Turning Bingers into Fans

We have two, small but mighty metrics in The Wicket Scorecard that drive a lot of conversation, because they take numbers and connect them to something that many in the video industry think about, but don’t always define or know how to act on.

The metrics are “Percent Active Fans” and “Percent Active Bingers”…

active fans & active bingers chart
Fig. 1 – 30-day roll-up of Percent Active Fans and Percent Active Bingers.

How to Define a Fan

The first question we get, is of course, “How in the world can you define a fan?” We talked with several customers and other and other industry insiders and arrived at this definition: A fan is someone who has watched 80% of available episodes of at least one season of a series. An active fan reached that 80% threshold in the last 30 days.

By reaching 80%, there is a very high probability that the user will

  1. Watch all of the season’s episodes and
  2. Watch additional seasons if/when they are available

Over time, with enough data and a feedback loop which leverages machine learning, we’ll tweak this definition as warranted, but it is a very reasonable place to start.

Gaining a fan means that you have a user who should keep engaging as long as there are additional seasons of the series she is engaged with to watch. Perhaps more importantly, fans have engaged in behavior where they have begun using your service habitually – and finding value each time they visit. This represents a real opportunity to connect these users to additional content and broaden their sense of satisfaction with your service, resulting in a bigger slice of their attention.

What about Bingers?

This concept is especially important for users who are exhibiting bingeing behavior. With input from those same smart folks that helped us with “fans”, we define this is a user who has watched three or more episodes of the same series in a 24 hour period. The obvious risk of bingers that are only engaged with one series (especially when there are a limited number of seasons) is that they will move on to another service (and may not convert from a free trial at all) if there is not a broader collection of content to watch. So, it’s important to engage users early in their relationship with your service to get out ahead of the scenario where they binge and churn. The goal is to turn them into healthy fans who are watching multiple series to completion, which leads to happier customers with higher lifetime value.

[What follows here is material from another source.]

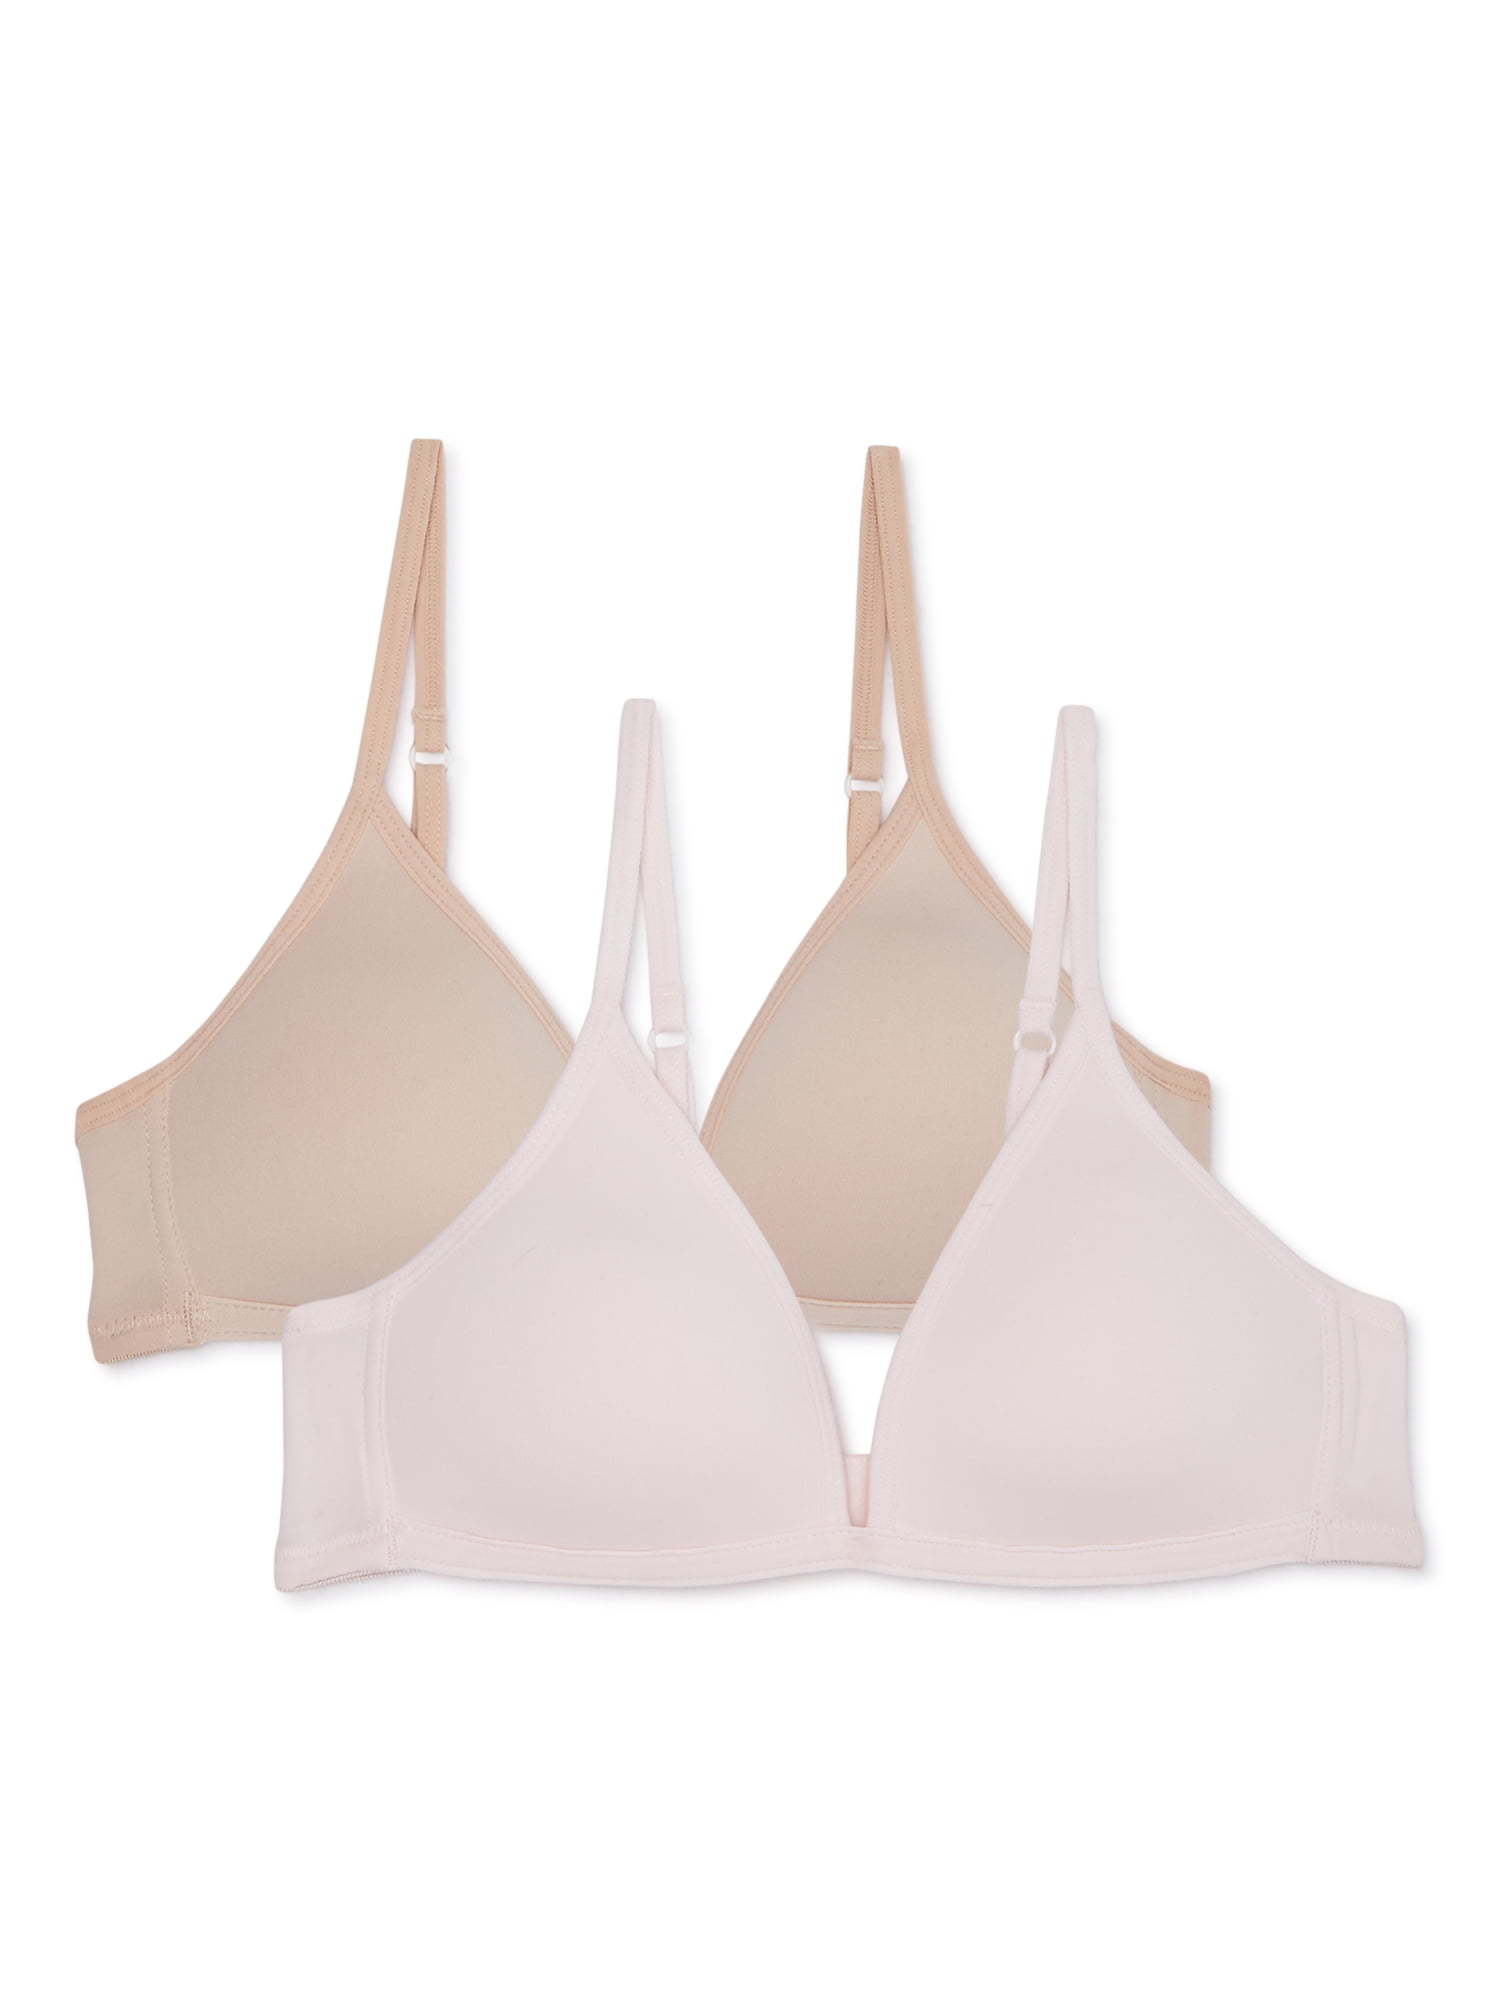 Maidenform Girls Molded Wireless Bras, 2-Pack, Sizes 30A-36A

One way to approach this is to begin with a focus on how new trialists are engaging when they begin using your service. Our “Trial Drivers” Wicket is a great place to start:

trial drivers chart
Fig. 2 – The top 10 most popular first content engagements after a new trial user begins using the service.

As you can see, this Wicket (using demo data) provides some interesting insights. It illustrates the content which is most successful at driving new trials and then goes on to show the percentage of users that binge, become fans, and convert to paying subscribers. With real data, our customers can look for scenarios where particular series drive bingeing behavior that does not result in a high conversion rate. They can use this information, to promote content – a new season, a new series or perhaps a movie – that has strong audience clustering with the content that they binged in order to get that cohort more deeply engaged with the service.

This same methodology can, of course, be used for at-risk subscribers, who may only binge certain shows, and are running out of seasons to watch. The Wicket Scorecard is designed to identify these scenarios and provide guidance on actions to take to increase the number of fans in any video service and fans help drive lifetime value higher in your service.